そこで今度はTモバイル側からスプリントとTモバイルUSの合併提案が持ち上がることとなった。ソフトバンクグループは米携帯電話事業での主導権を失うことから当初難色を示していたものの、結果的にこの提案を受諾。その間に米国で政権が変わったこともあってか、FCCも合併を認可するに至り、2020年4月に両社の合併が実現することとなった。ただしスプリントの立場が非常に弱くなったこともあり、合併後のTモバイルUSにおけるソフトバンクグループの株式保有比率は約24%にまで低下してしまっている。

  • 米国ではオバマ政権からトランプ政権へと移行したこともあり、紆余曲折はあったもののTモバイル主導での合併は2020年に無事実現へと至っている

しかもソフトバンクグループは、米ウィーワーク・カンパニーズの経営問題に加え、新型コロナウイルスの影響によるソフトバンク・ビジョン・ファンドの投資先企業が大幅に評価を落とすなどしたことで、2020年3月期決算では1兆円を超える創業以来最大の損失を記録。資金確保の必要性に迫られたことから今回TモバイルUSの株式の多くを手放すに至った訳だが、その金額が2兆円超と、スプリント買収時より高値になったのは唯一の救いともいえる。

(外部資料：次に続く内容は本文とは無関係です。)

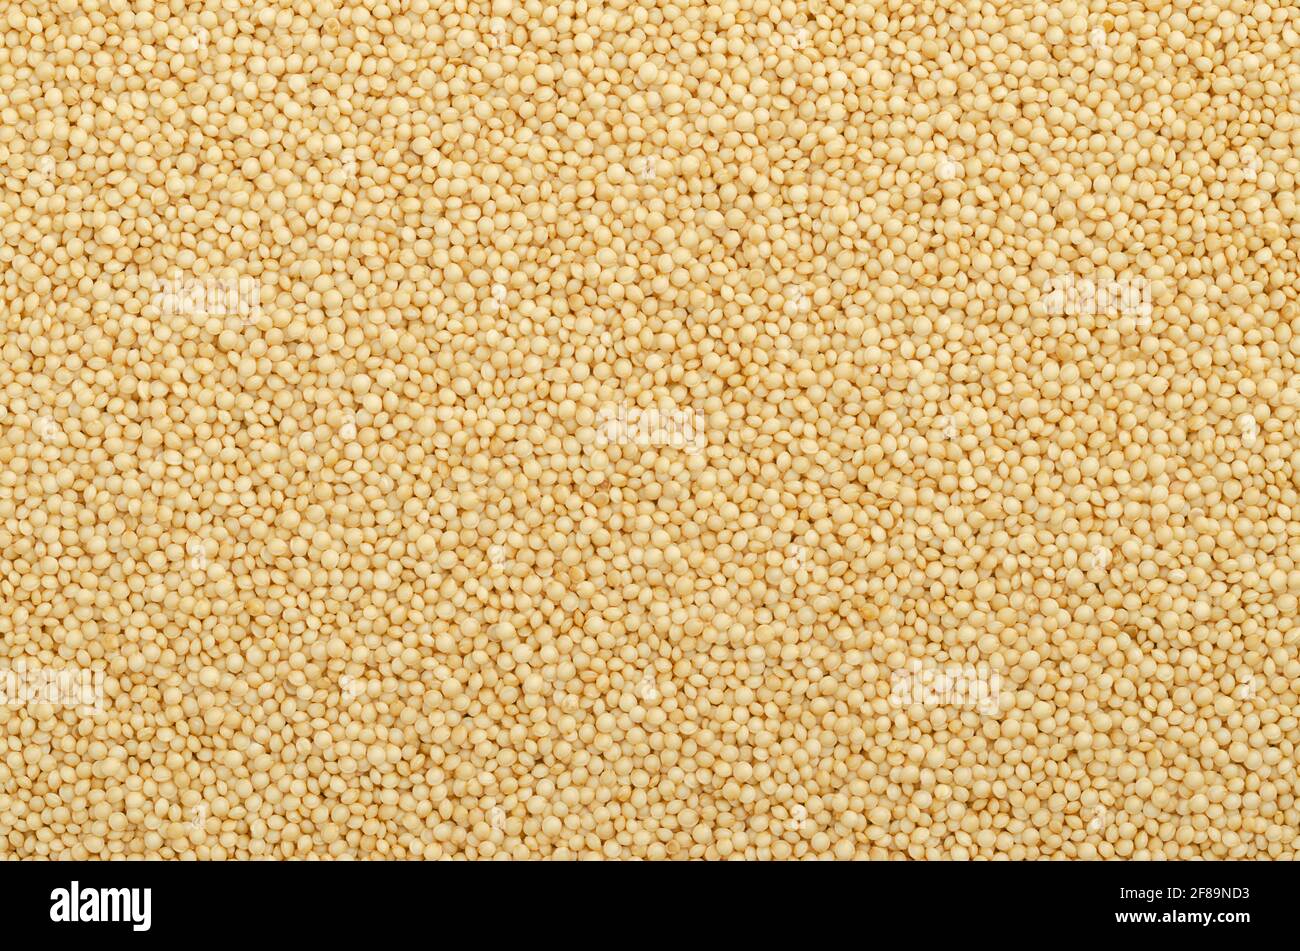 Amaranth Korn Oberfläche und Hintergrund. Kleine Samen von Amaranthus, einem glutenfreien Pseudozereal ähnlich Quinoa, ein Hauptnahrungsmittel und Proteinquelle. Stockfoto
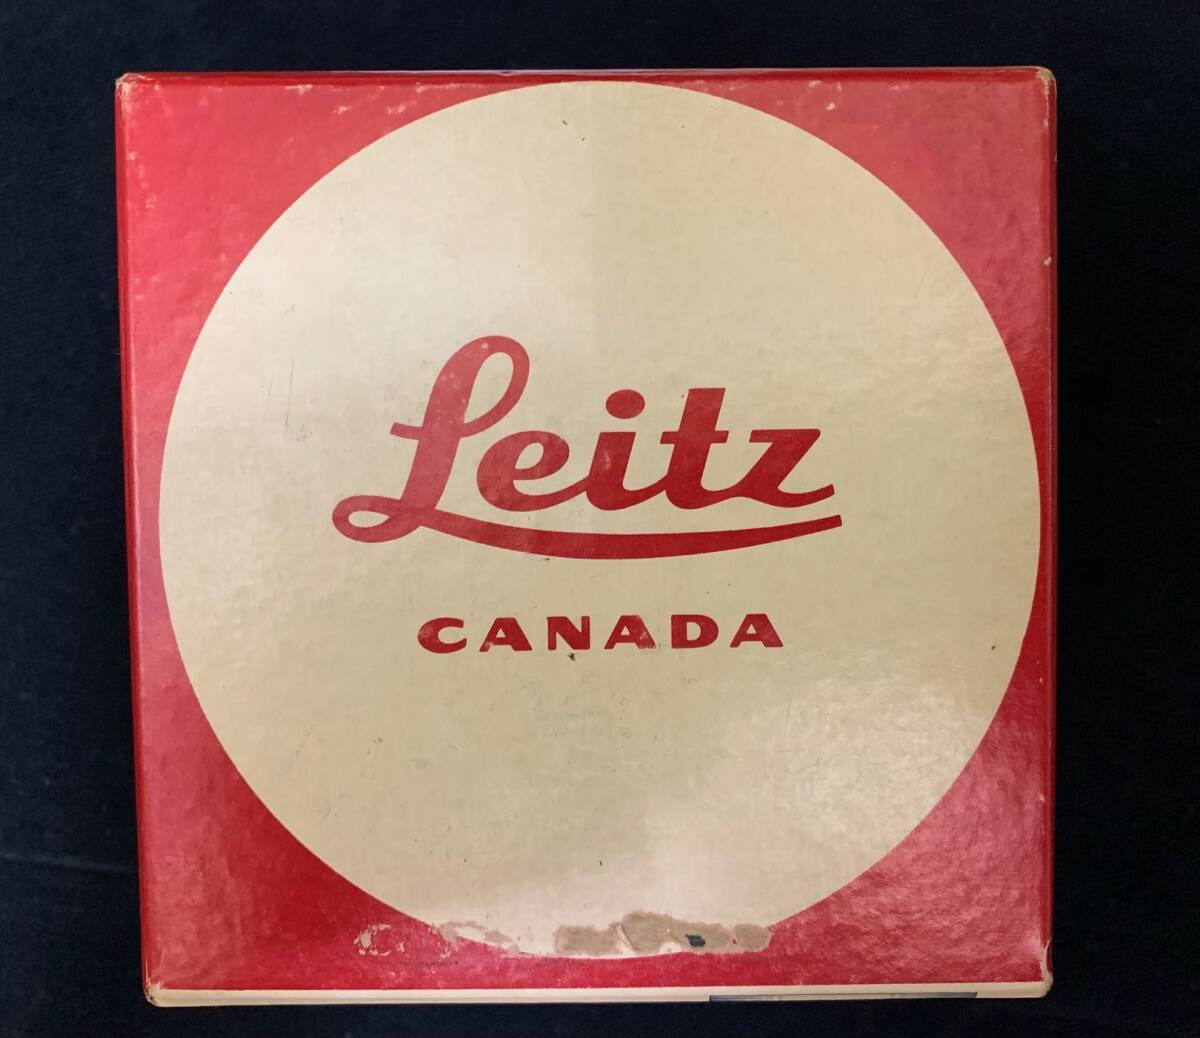 ライカ LEITZ CANADA ELMARIT 1:2.8 / 28mm レンズ 純正箱＋オリジナルサービスカード 1975年代製造 の画像1

もっとも携帯電話事業による海外進出はそう容易なものではなく、NTTドコモもかつて欧州や米国、そしてインドの携帯電話会社に出資して参入したもののいずれも失敗。インド事業に関しては撤退後に損害賠償を巡って泥沼の裁判沙汰となり、完全撤退に3年を費やすに至っている。現在のところ成功を収めているのは、KDDIがモンゴルやミャンマーで手掛けている事業くらいだが、その規模は大きいとは言えないものだ。

国の重要な資産である電波を扱う携帯電話事業はその国や地域の環境や文化に根差したもの。それゆえボーダフォンの日本進出が失敗に終わったように、海外企業が進出してもそう容易にうまくいくものではないのだ。スプリントを巡るソフトバンクグループの一連の出来事は、改めてそのことを証明したともいえるのではないだろうか。